We account for stock issued to non-employees in accordance with the
provisions of SFAS No. 123 and Emerging Issues Task Force ("EITF") Issue No.
96-18 "Accounting for Equity Instruments That Are Issued to Other Than Employees
for Acquiring, or in Conjunction with Selling, Goods or Services."
Consistent with the disclosure provisions of SFAS 123 and SFAS 148, our
net loss and basic and diluted net loss per share would have been adjusted to
the pro forma amounts indicated below (in thousands, except per share amounts).
THREE MONTHS ENDED
MARCH 31,
2005 2004
----- -----
Net loss--as reported ........................................... $(112) $(134)

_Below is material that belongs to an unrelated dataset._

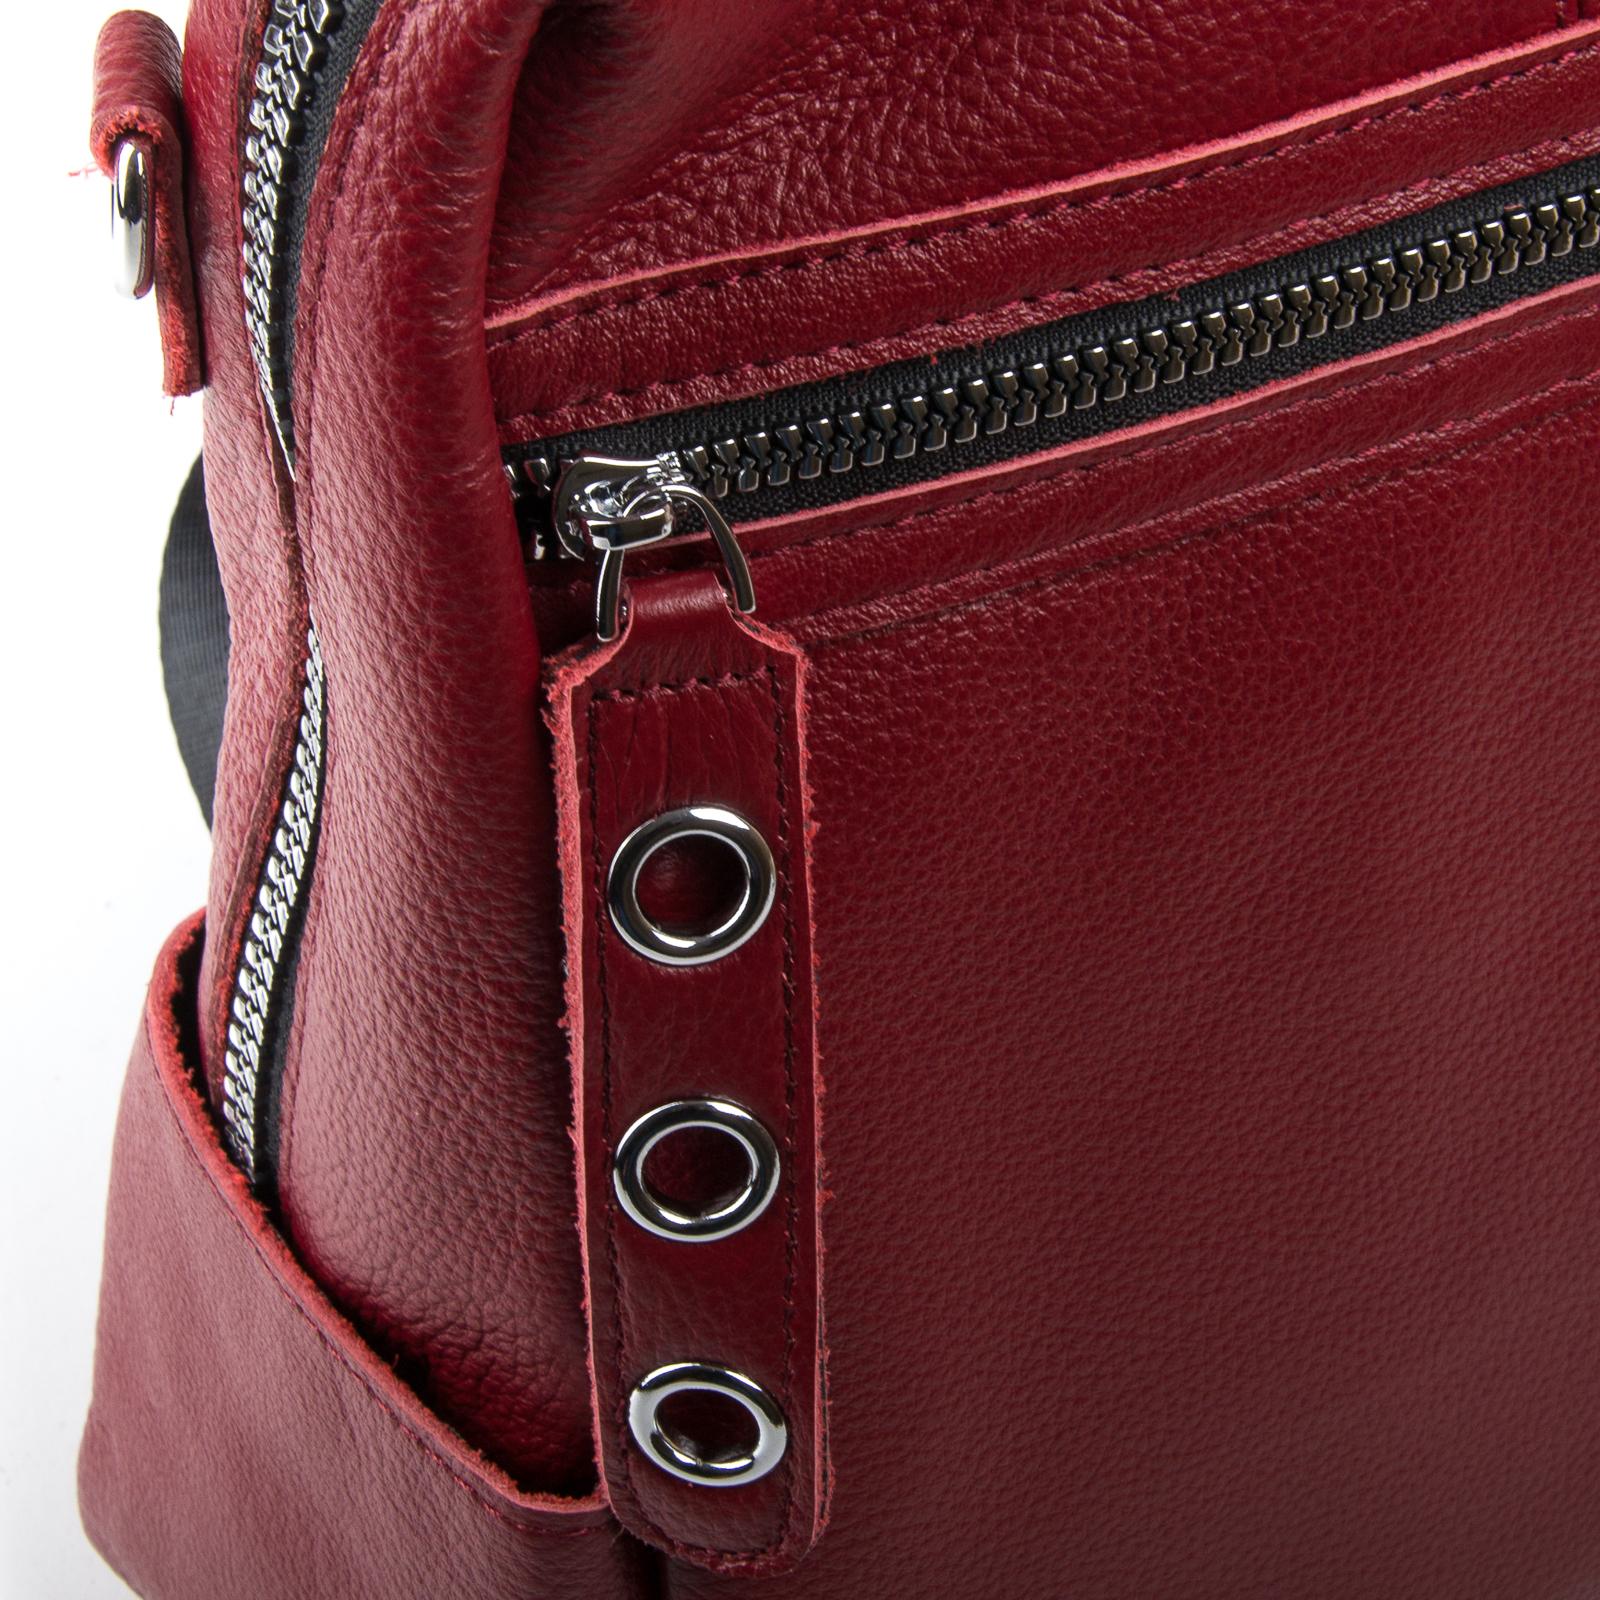 Сумка Женская Рюкзак кожа ALEX RAI 03-01 8781-9 bordo - фото 3

Less stock-based compensation (income) expense determined
under fair value based method, net of tax effects ............. (6) (45)
----- -----
Net loss--pro forma ............................................. $(118) $(179)
===== =====
Basic and diluted net loss per share--as reported ............... $(.03) $(.04)
Basic and diluted net loss per share--pro forma ................. $(.04) $(.06)
NEW ACCOUNTING PRONOUNCEMENTS
In December 2004, the Financial Accounting Standards Board ("FASB")
issued SFAS No. 123(R), "Accounting for Stock-Based Compensation (Revised)."
SFAS No. 123(R) supercedes APR No. 25 and its related implementation guidance.
SFAS No. 123(R) establishes standards for the accounting for transactions in
which an entity exchanges its equity instruments for goods or services. It also
addresses transactions in which an entity incurs liabilities in exchange for
goods or services that are based on the fair value of the entity's equity
instruments or that may be settled by the issuance of those equity instruments.
SFAS No. 123(R) focuses primarily on accounting for transactions in which an
entity obtains employee services in share-based payment transactions. SFAS No.
123(R) requires a public entity to measure the cost of employee services
received in exchanges for an award of equity instruments based on the grant-date
fair value of the award (with limited exceptions). That cost will be recognized
over the period during which an employee is required to provide service in
exchange for the award the requisite service period (usually the vesting
period). No compensation costs are recognized for equity instruments for which
employees do not render the requisite service. The grant-date fair value of
employee share options and similar instruments will be estimated using
option-pricing models adjusted for the unique characteristics of those
instruments (unless observable market prices for the same or similar instruments
are available). If an equity award is modified after the grant date, incremental
compensation cost will be recognized in an amount equal to the excess of the
fair value of the modified award over the fair value of the original award
immediately before the modification.
The Company has not completed its evaluation of SFAS No. 123(R) but
expects the adoption of this new standard will not have a material impact on
operating results of the Company.
6
L Q CORPORATION, INC.
NOTES TO CONDENSED CONSOLIDATED FINANCIAL STATEMENTS
(UNAUDITED)
NOTE 2 - ACCRUED LIABILITIES:
The components of accrued liabilities are as follows (in thousands):
MARCH 31, DECEMBER 31,
2005 2004
------------ ------------
Accrued liabilities:
Consulting and professional services ...... $ 109 $ 104
Other ..................................... -- 10
------------ ------------
$ 109 $ 114
============ ============
NOTE 3 - COMPREHENSIVE LOSS:
Comprehensive loss includes net loss and other comprehensive income
(loss). Other comprehensive income (loss) includes accumulated translation
adjustments. The components of comprehensive loss are as follows (in thousands):
THREE MONTHS ENDED
MARCH 31,
------------------
2005 2004
----- -----
Comprehensive loss:
Net loss ....................................... $(112) $(134)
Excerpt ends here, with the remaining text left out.